Open suazhero opened 4 years ago
Hello @suazhero, Thank you for creating this issue, it has already been corrected and the fix will be available in the next update. Have a good day!
Thx :)
I am closing the issue since this bug does not appear anymore.
Hello, where is it fixed? Cause I just tried with the very lastest master branch and still have the issue. @LeaNumworks
Edit: Ok I think things just improved a bit but the issue still occurs in case you have a matrix filled with something else than 1s or in case you raise it to a higher power. Hence my request to understand the capabilities (boundaries) of the module (since i can understand it would not be supported to raise to a very high power like 100). But here, on windows emulator, latest master branch, still fails with 6x6 1s matrix raised to power 8. Let me know whether I should take another branch.

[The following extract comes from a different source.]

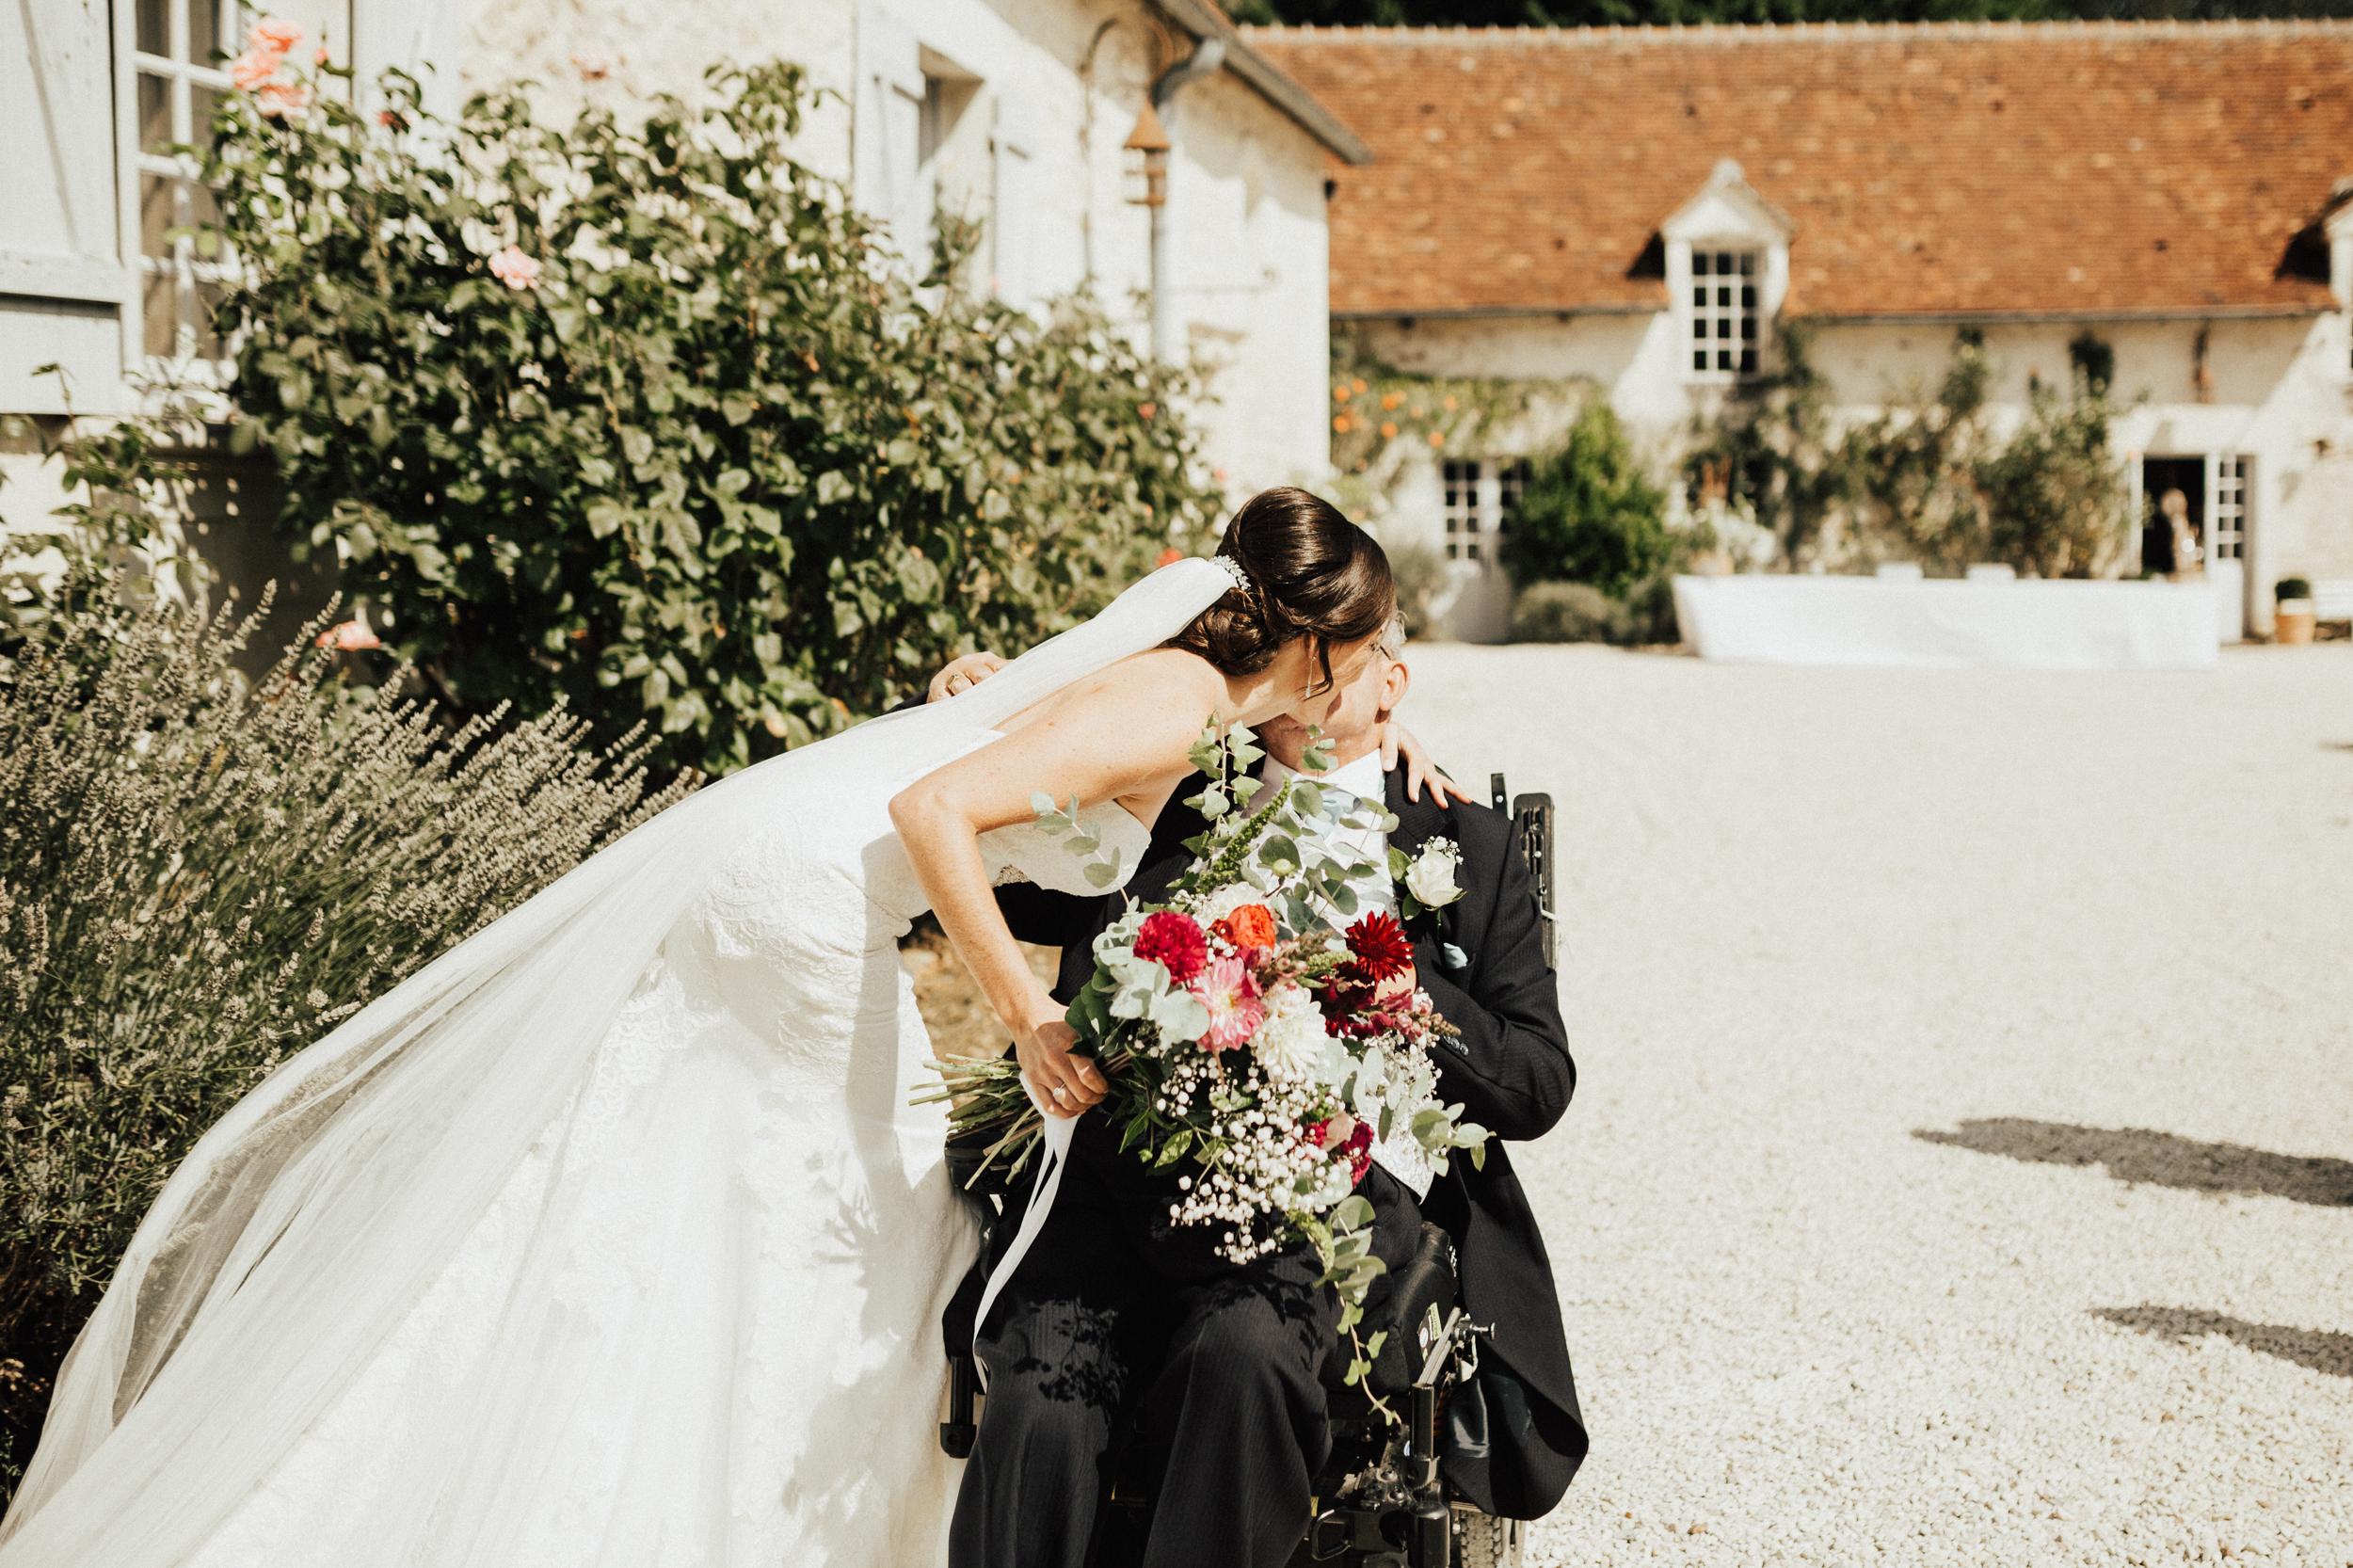 Amy-Zac-Destination-Wedding-France-Manoir-Foulquetiere-Darina-Stoda-Photography-35.jpg

Feeback? Can you confirm you're able to reproduce? Thx @LeaNumworks Could you open it back in case you do? Generally speaking, could you also link issues to pull requests or commits for better tracking?
Hi @suazhero, I can't reproduce a memory error with a 6x6 matrix full of 1 raised to power 8. I tried on the N0110 device, on the macos simulator and on the windows simulator.
The memory failure depends on what you previously input because the computation takes place in the same buffer used to store previous displayed calculations. Could you describe your scenario, maybe with screenshots?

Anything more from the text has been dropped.